Input data:
• • •

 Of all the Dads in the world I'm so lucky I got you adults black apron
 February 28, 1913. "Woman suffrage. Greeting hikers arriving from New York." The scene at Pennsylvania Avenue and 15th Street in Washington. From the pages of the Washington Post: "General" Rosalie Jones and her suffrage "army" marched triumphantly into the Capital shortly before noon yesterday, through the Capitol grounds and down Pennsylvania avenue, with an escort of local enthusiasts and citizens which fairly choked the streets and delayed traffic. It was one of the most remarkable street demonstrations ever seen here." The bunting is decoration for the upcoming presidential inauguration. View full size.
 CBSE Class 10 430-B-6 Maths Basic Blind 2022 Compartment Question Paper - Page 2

• • •

Problem description: Without changing anything, repeat the whole listing.

Output for this task:
 Of all the Dads in the world I'm so lucky I got you adults black apron
 February 28, 1913. "Woman suffrage. Greeting hikers arriving from New York." The scene at Pennsylvania Avenue and 15th Street in Washington. From the pages of the Washington Post: "General" Rosalie Jones and her suffrage "army" marched triumphantly into the Capital shortly before noon yesterday, through the Capitol grounds and down Pennsylvania avenue, with an escort of local enthusiasts and citizens which fairly choked the streets and delayed traffic. It was one of the most remarkable street demonstrations ever seen here." The bunting is decoration for the upcoming presidential inauguration. View full size.
 CBSE Class 10 430-B-6 Maths Basic Blind 2022 Compartment Question Paper - Page 2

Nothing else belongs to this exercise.